Matar-se no fim? Não! Um homem assim, não se mata no fim... Um homem assim, tem muito claro na sua mente que tem de libertar os seus companheiros. Um homem assim, já escutou, lidou e teve de compreender, as maiores barbaridades que chegam a ser difíceis de imaginar, e quer cá ficar para gritar porque razão o fez.

Quanto? Não! Muito mais! Muitos anos, e centenas de centenas de histórias e de sofrimentos e de esventramentos da alma e arrancamentos de corações, sendo obrigado a permanecer vivo e a corresponder com o que se espera dele.

O contacto permanente com o sofrimento alheio, é corrosivamente destruidor. A guerra tem consequências incalculáveis.

Este homem, socialmente pode ser um criminoso, mas este homem é um fruto da guerra com o discernimento esmagado pelo sofrimento atroz...

© Mário Rodrigues - 2009

Toco de oliveira velha...

Era cedo, bastante cedo. Geralmente acordo muito cedo, o que, quando por lá estou, me possibilita um prazer que tenho dificuldade em descrever.
Sente-se uma frescura de fim de madrugada, o sol, ainda se passeia pelo leste, e dele vislumbro uma nuvem difusa de claridade que traz com ela a promessa dos primeiros raios...
O silêncio do vale é guarnecido com o cantar do ribeiro. Os insectos, parecem ainda não existir. Os pássaros, esses, poucos dão o ar da sua graça!
Os primeiros raios, ao surgirem no cume, trazem despertares aos animais. Sentem-se acordar.
Havia já meia hora, que estava sentado num "toco" de uma oliveira velha, que cortei há algum tempo. É um local privilegiado. Naquele local, sentado com as pernas penduradas, abandono-me. Quando me lá sento, é para lá ficar... Aquele local não pode ser profanado.

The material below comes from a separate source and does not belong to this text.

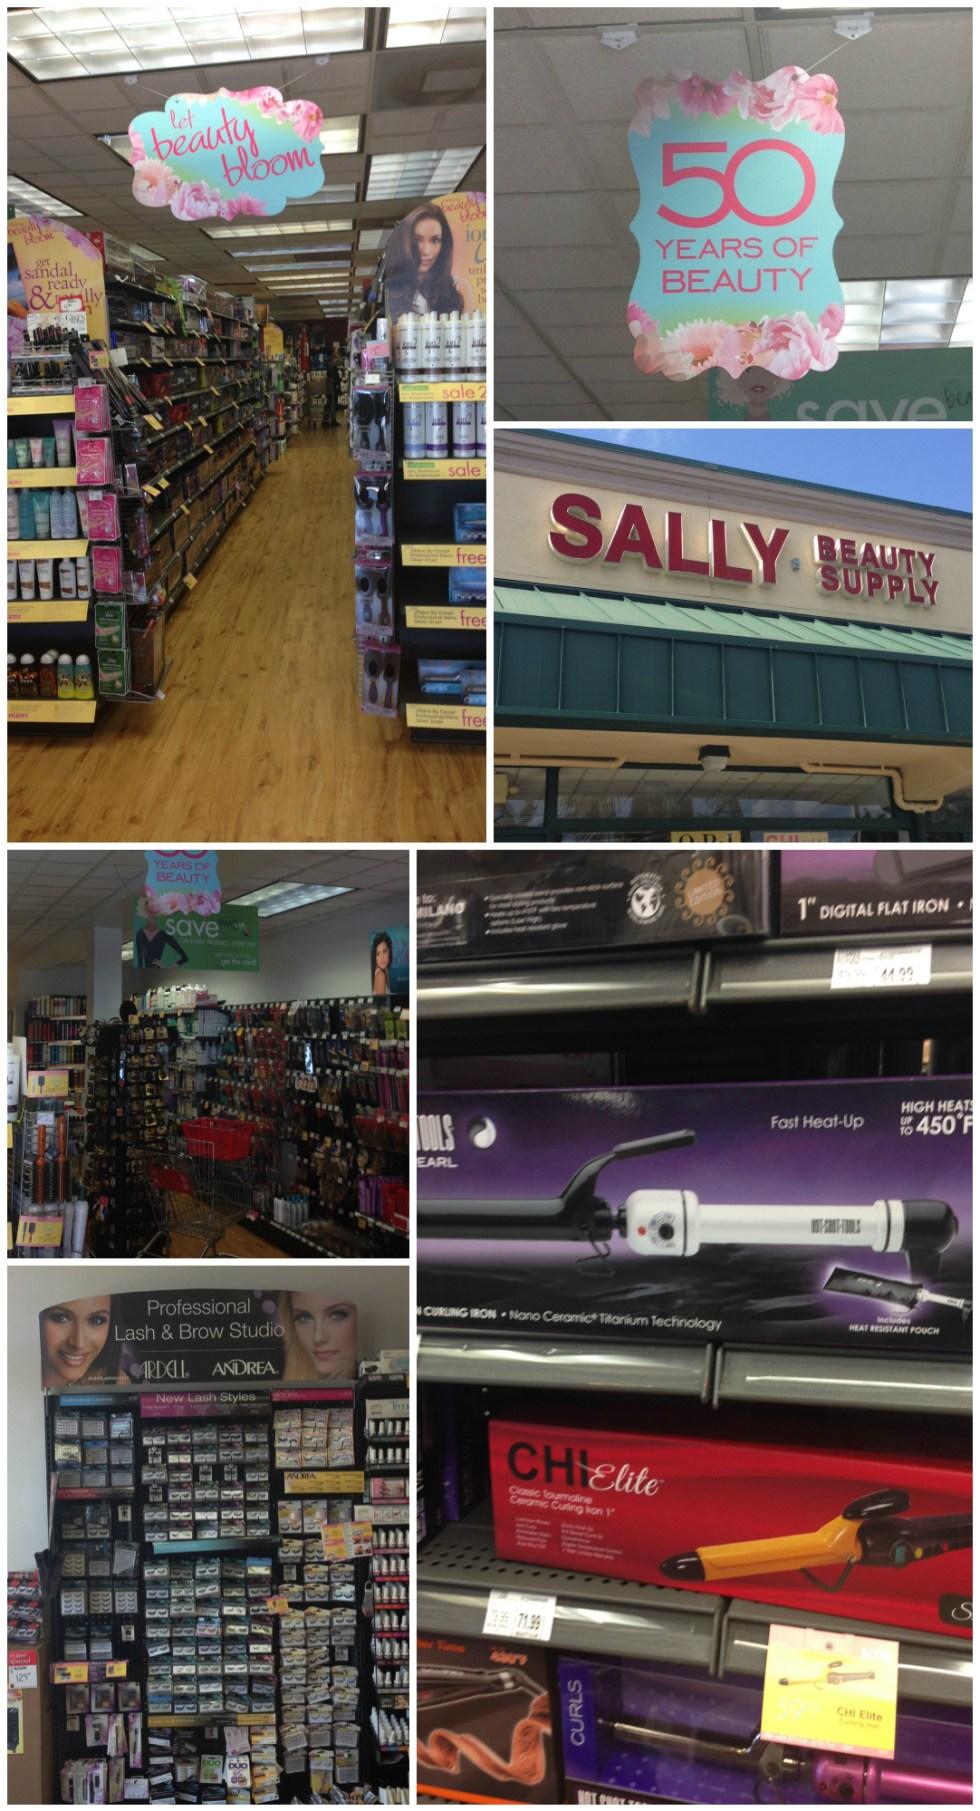 Sallys Beauty Supply

O vale, escancara-se numa escarpa quase abrupta de uns cem metros a meus pés. De oriente, chega o sol, preguiçoso!
Os primeiros raios, ao surgirem no cume, trazem consigo o início do espectáculo. Os actores já lá estavam; à espera!
Num perfeito acto de natalidade, a montanha deixa que nasça das suas entranhas um vapor matinal que com a chegada dos primeiros raios de sol, e com as correntes térmicas ascendentes por eles provocadas, caminham pela encosta acima como se fossem enormes lençóis alvos... Chegados ao cume, encontram os outros, os de sul e os de oeste, e juntos ascendem nos céus, na qualidade de enormes e lindas nuvens brancas.
Por estas horas, já os melros se divertem nos seus saltos e assobios extraordinários. O pica-pau, lindo no seu negro e escarlate, esconde-se. Esconde-se sempre. Levei algum tempo até ser contemplado com a sua imagem. Soberba! Os esquilos, dormem.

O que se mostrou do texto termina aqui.